Is that a fact or an hallucination ?

I wish people would try a bit harder adding words like "I think", "I'm sure", "I doubt", "I read somewhere"... or even post links.

silverboy · Mar 18, 2025

More bad news.

isparavanje · Mar 18, 2025

Fatesrider said:
That last line is the most telling thing about the issues with all the AI bullshit they're throwing out there.

They keep heaving that bovine fertilizer at walls, hoping SOMETHING sticks. But so far, for the most part, it's been, "Gosh, that's COOL!" for a few minutes and then the novelty wears off and the flaws (even if few) are found. Yeah, no people involved in the making of that media, but when what comes out is pretty useless overall, it's not even worth the KWH's it took to generate the output.

NKA is the issue. No Killer App. Lots of niche applications, granted. Some of them useful. But the for the trillions (by now, I'd think) blown on this tech, they're getting very, very little in practical returns. For that money relentlessly poured into it, they'd have done better with flesh and blood types, even if it took a bit longer.

The flaw in the reasoning is they only calculate the cost of the comparatively few successes, without considering the time, effort and costs for all the shit that had to be thrown out because it didn't do the job good enough to pass.

Agentic coding assistants (Cline for example) have been a killer app for me. They increase my productivity significantly because a lot of coding is frankly trivial, and I can always make the important architectural decisions and jump in to code the difficult bits when the AI code fails to pass my code review, so to speak. It's not cheap, but I get paid enough that doubling my productivity for the cost of LLM inference is easily worth it.

As a side note, I'm honestly astonished at how anti-AI the Ars crowd is. I'm reasonably senior with code these days, and while AI doesn't code as well as I do at difficult problems, it definitely helps my productivity a ton. So much of code is boilerplate and trivial API pipes and that kind of stuff, you don't need a particularly capable dev to do it.

Bzored · Mar 18, 2025

peterford said:
It is fascinating watching all this grow and get glued together.

I do feel like this might be my tech breaking point though. The bit where all the younguns use it like water and I'm left shaking my cane at them.

I feel this, I just have no interest. All it feels like to me is a way for companies to intrude themselves even further into your life.. if that's possible.

Aelix · Mar 19, 2025

isparavanje said:
Agentic coding assistants (Cline for example) have been a killer app for me.

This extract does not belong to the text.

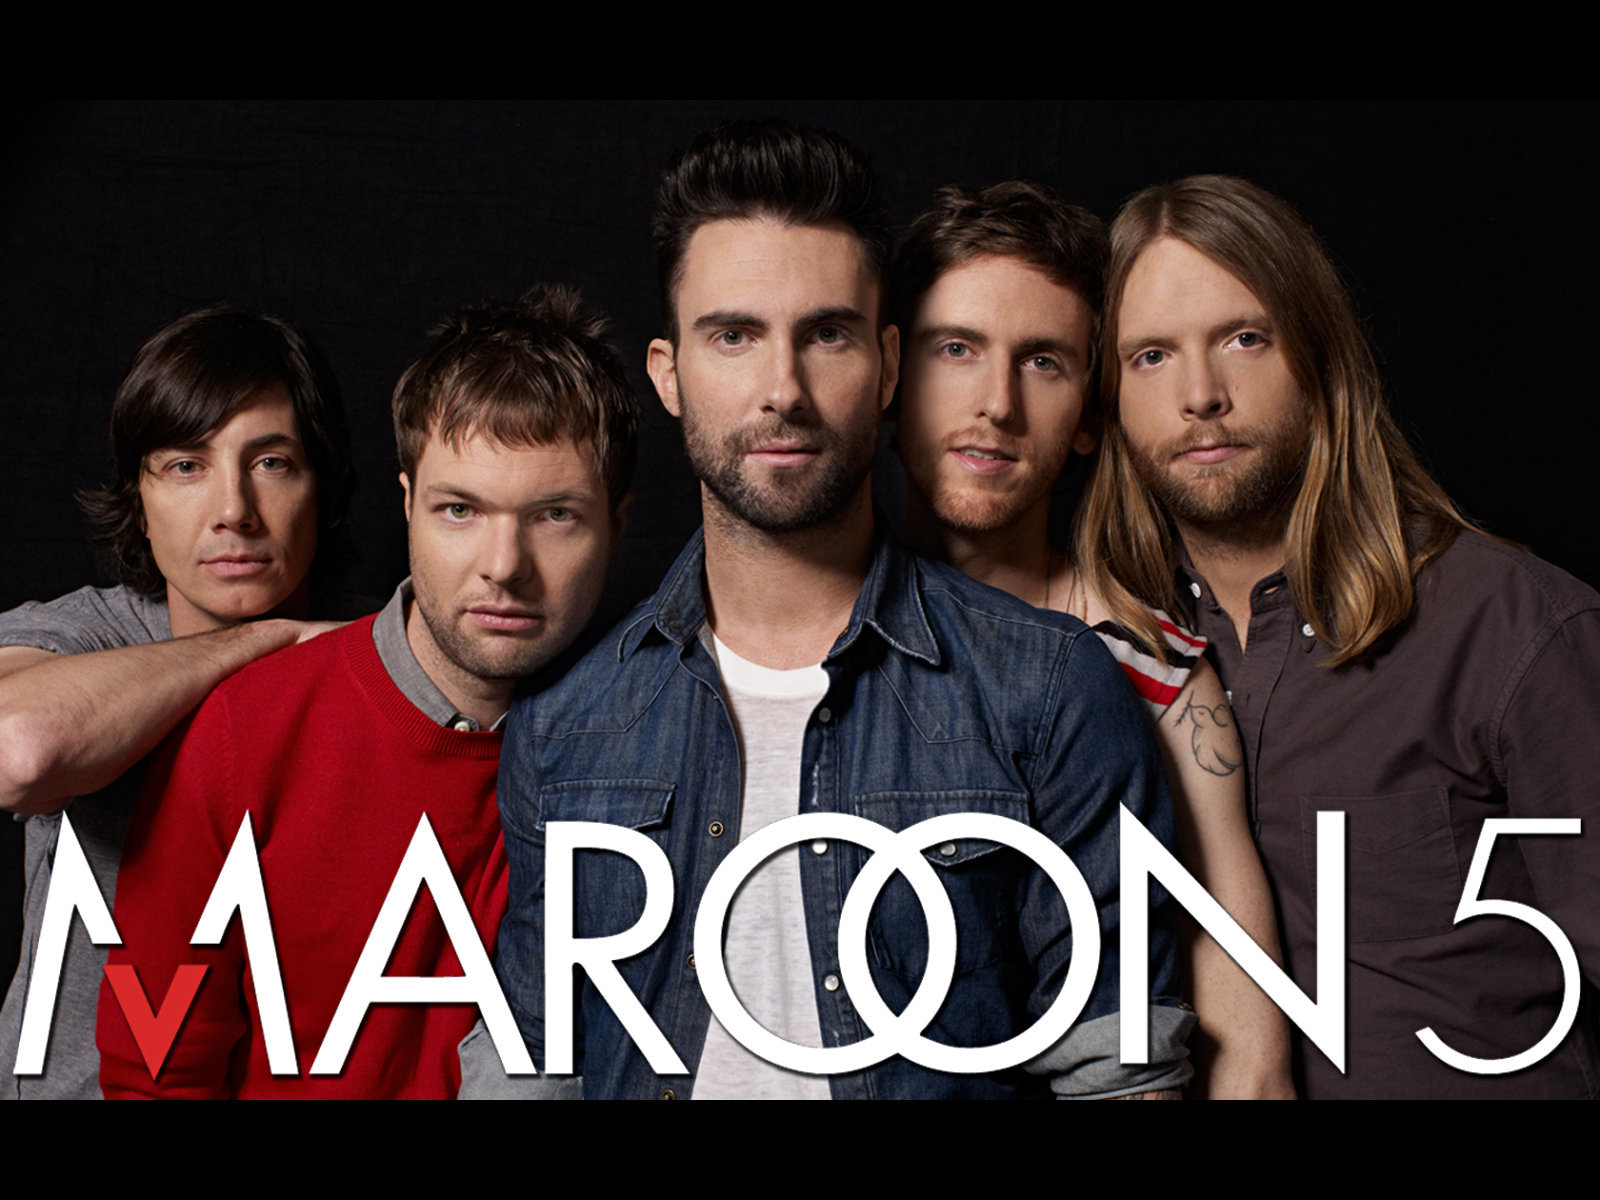 Maroon 5 Pictures

They increase my productivity significantly because a lot of coding is frankly trivial, and I can always make the important architectural decisions and jump in to code the difficult bits when the AI code fails to pass my code review, so to speak. It's not cheap, but I get paid enough that doubling my productivity for the cost of LLM inference is easily worth it.

As a side note, I'm honestly astonished at how anti-AI the Ars crowd is. I'm reasonably senior with code these days, and while AI doesn't code as well as I do at difficult problems, it definitely helps my productivity a ton. So much of code is boilerplate and trivial API pipes and that kind of stuff, you don't need a particularly capable dev to do it.

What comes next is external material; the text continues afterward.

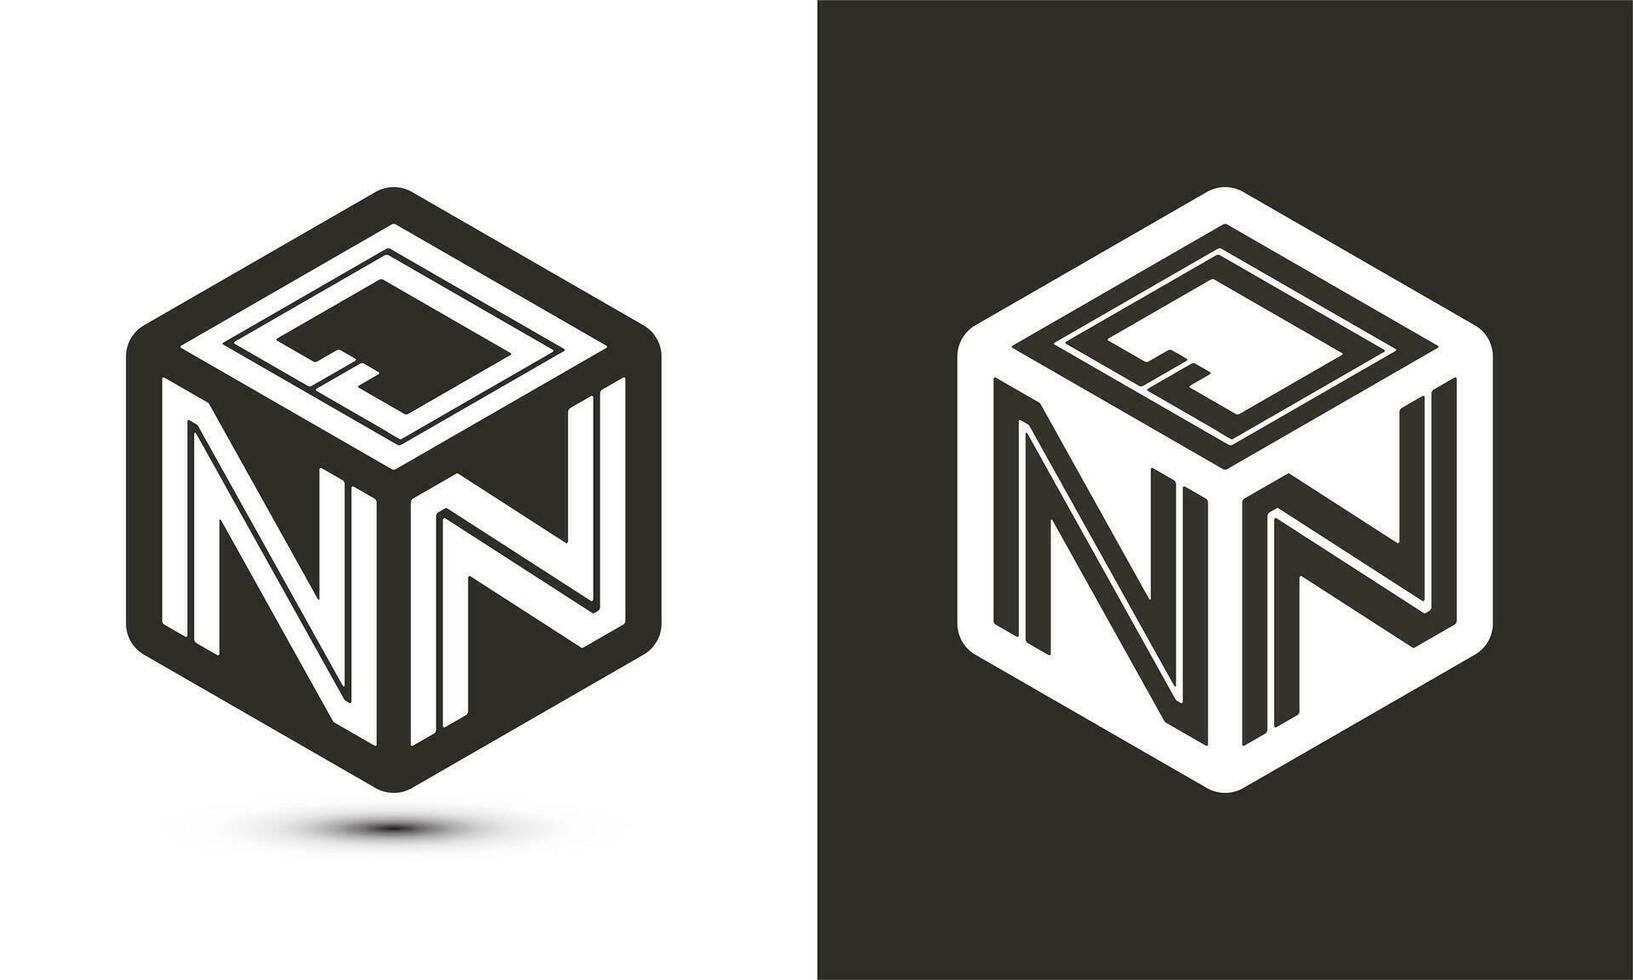 qnn letra logo diseño con ilustrador cubo logo, vector logo moderno alfabeto fuente superposición estilo.

Coding is definitely the killer app. Claude 3.7 is scary good at writing and refactoring complex SQL queries. When refactoring SQL, it’s easy to verify if the output is correct.

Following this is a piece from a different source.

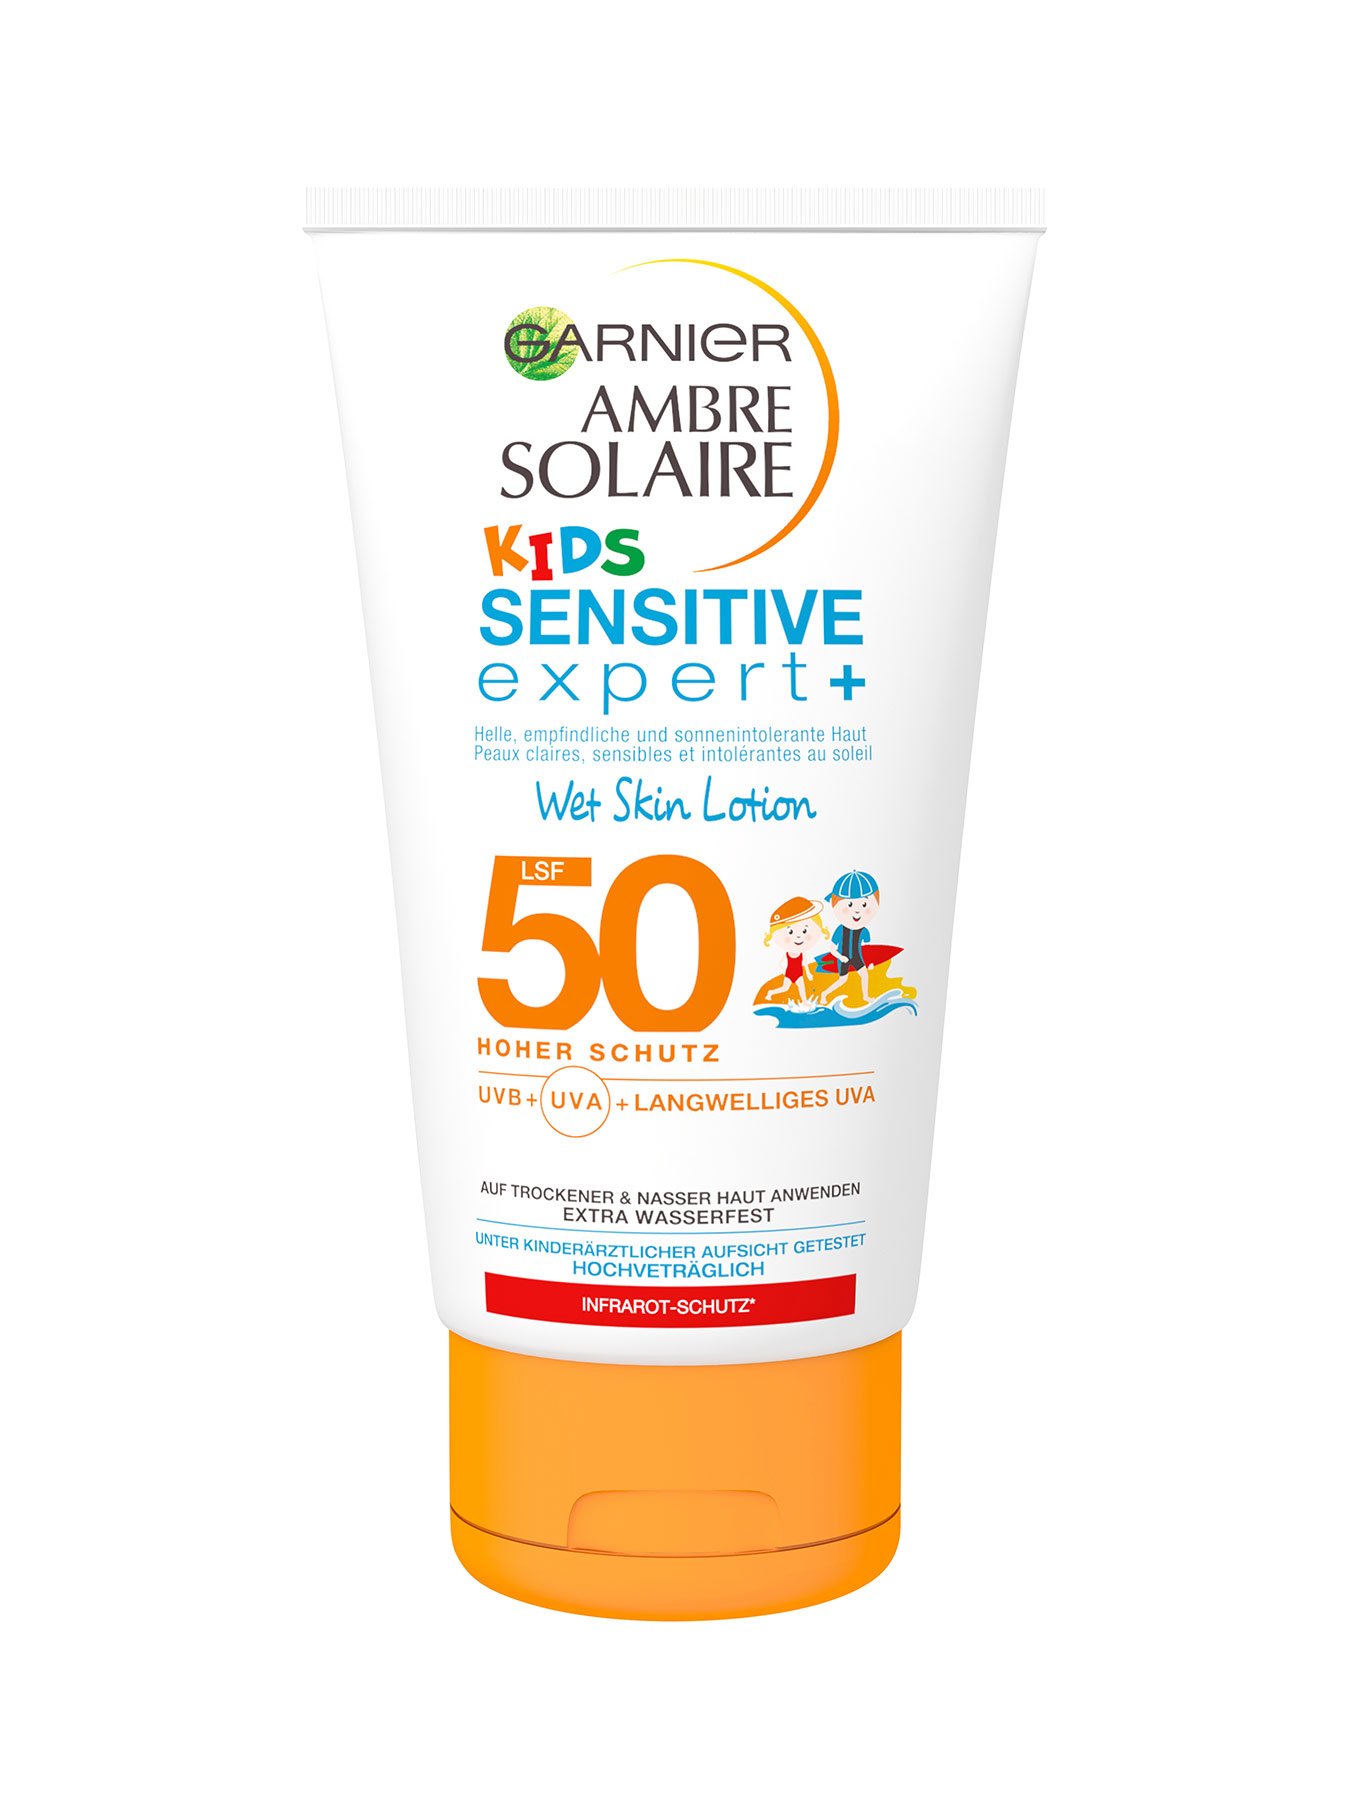 Kids Sensitive expert+ Lait Wet Skin Lotion FPS 50 | Garnier

You can even do things like “change the output of this SQL report to output a single row with a single column that contains a representation of the output as a markdown table” and it just… does it.

Hydrargyrum · Mar 19, 2025

ldrn said:
NotebookLM has been absolutely fantastic for quick checking my D&D notes and rules. I don't use the podcast feature but asking it about items abilities or names I forgot has been extremely useful.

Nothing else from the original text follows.